▼▼▼

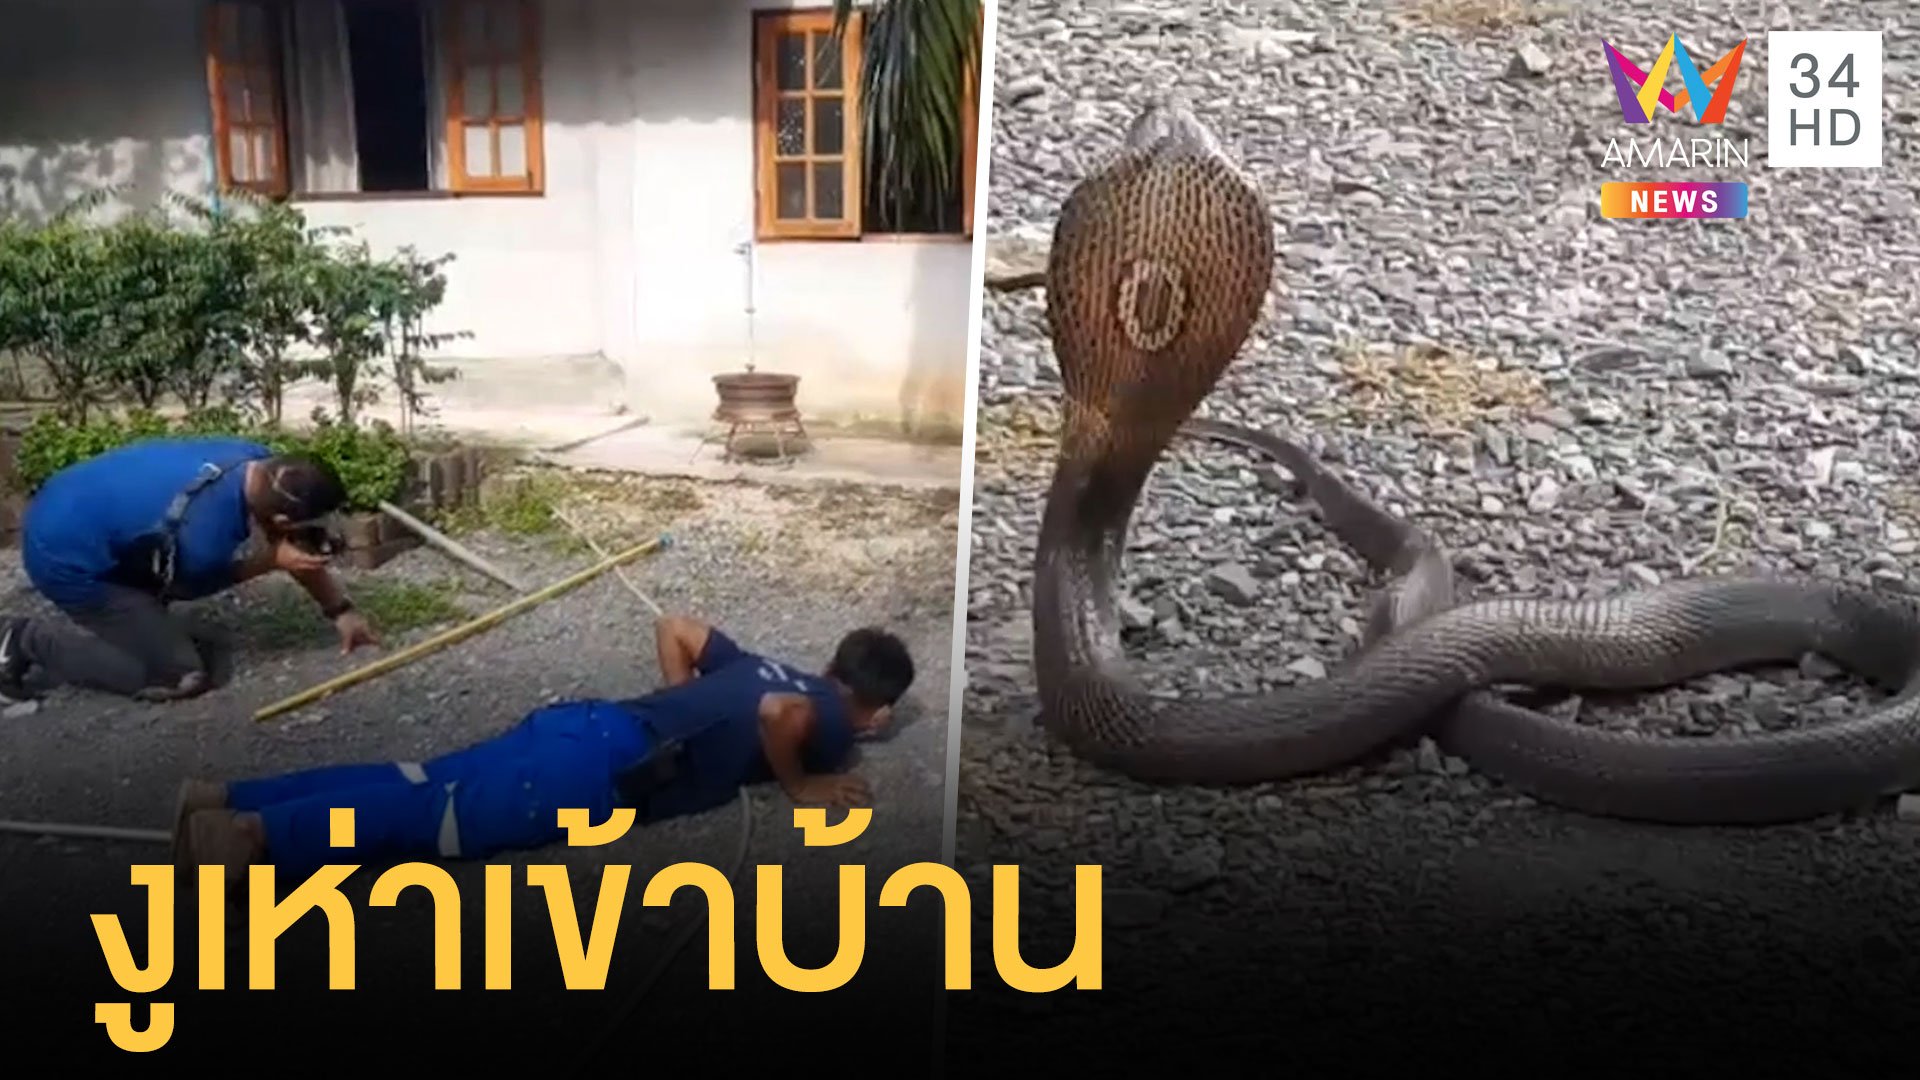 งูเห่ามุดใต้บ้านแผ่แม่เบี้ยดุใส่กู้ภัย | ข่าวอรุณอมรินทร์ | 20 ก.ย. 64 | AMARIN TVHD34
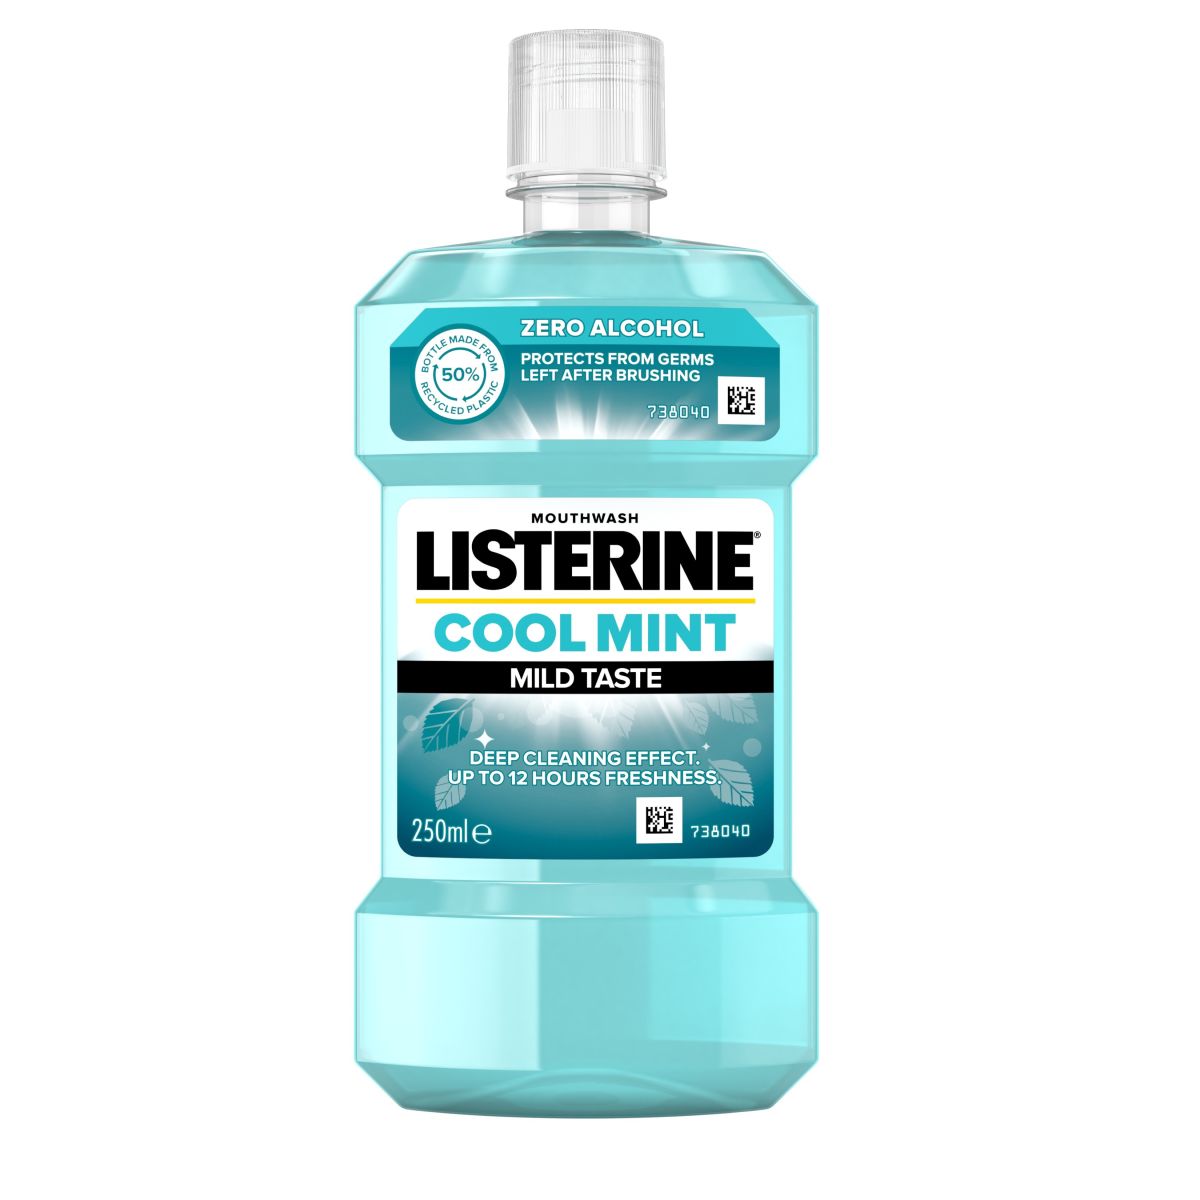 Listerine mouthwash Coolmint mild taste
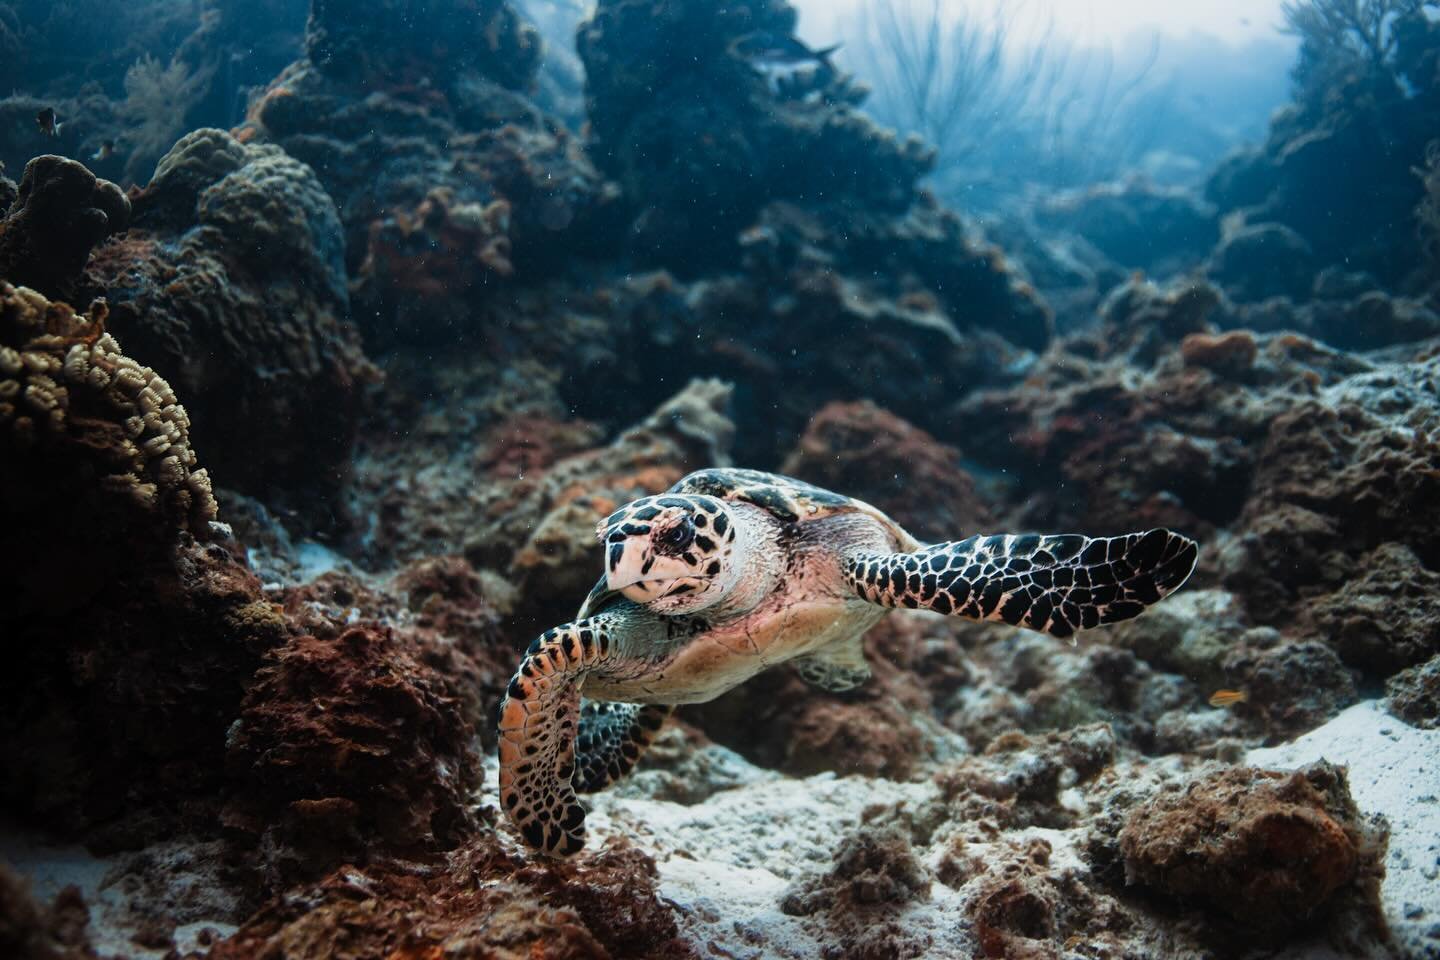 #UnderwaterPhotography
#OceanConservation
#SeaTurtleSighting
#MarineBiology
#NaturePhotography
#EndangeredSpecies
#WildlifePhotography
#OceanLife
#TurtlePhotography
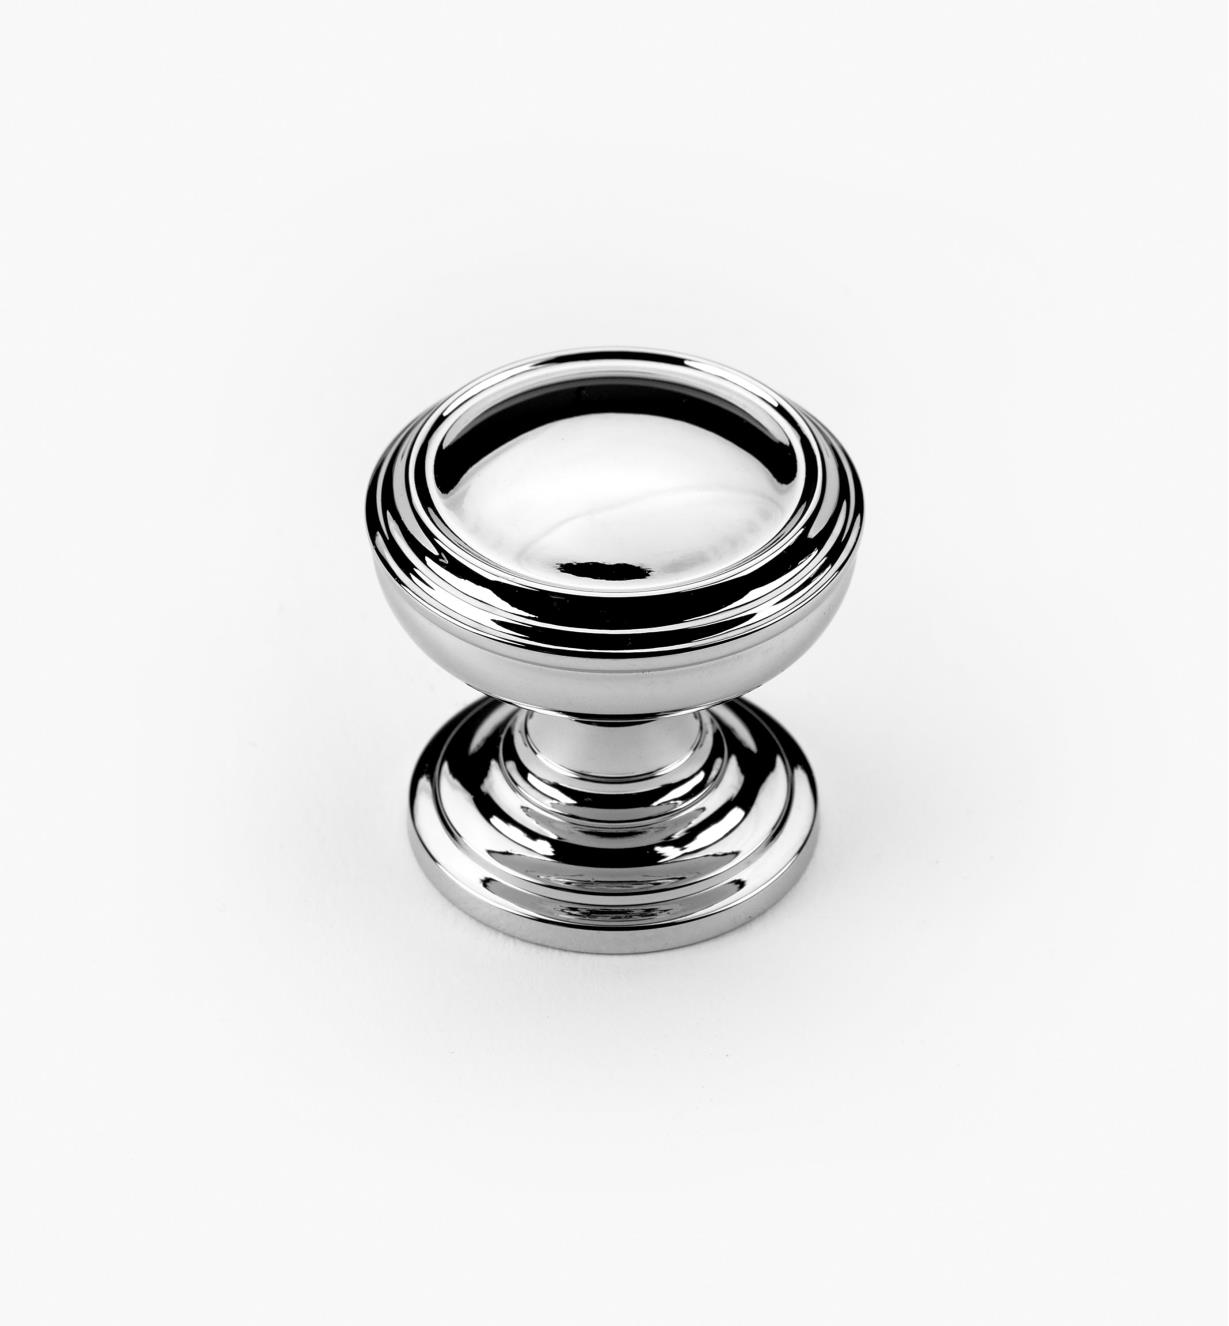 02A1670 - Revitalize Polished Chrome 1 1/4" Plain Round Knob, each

▲▲▲

(Your instructions): Where pictures appear, skip them and transcribe all other material word for word.

(Reply to the exercise):
 งูเห่ามุดใต้บ้านแผ่แม่เบี้ยดุใส่กู้ภัย | ข่าวอรุณอมรินทร์ | 20 ก.ย. 64 | AMARIN TVHD34
 Listerine mouthwash Coolmint mild taste
 #UnderwaterPhotography
#OceanConservation
#SeaTurtleSighting
#MarineBiology
#NaturePhotography
#EndangeredSpecies
#WildlifePhotography
#OceanLife
#TurtlePhotography
 02A1670 - Revitalize Polished Chrome 1 1/4" Plain Round Knob, each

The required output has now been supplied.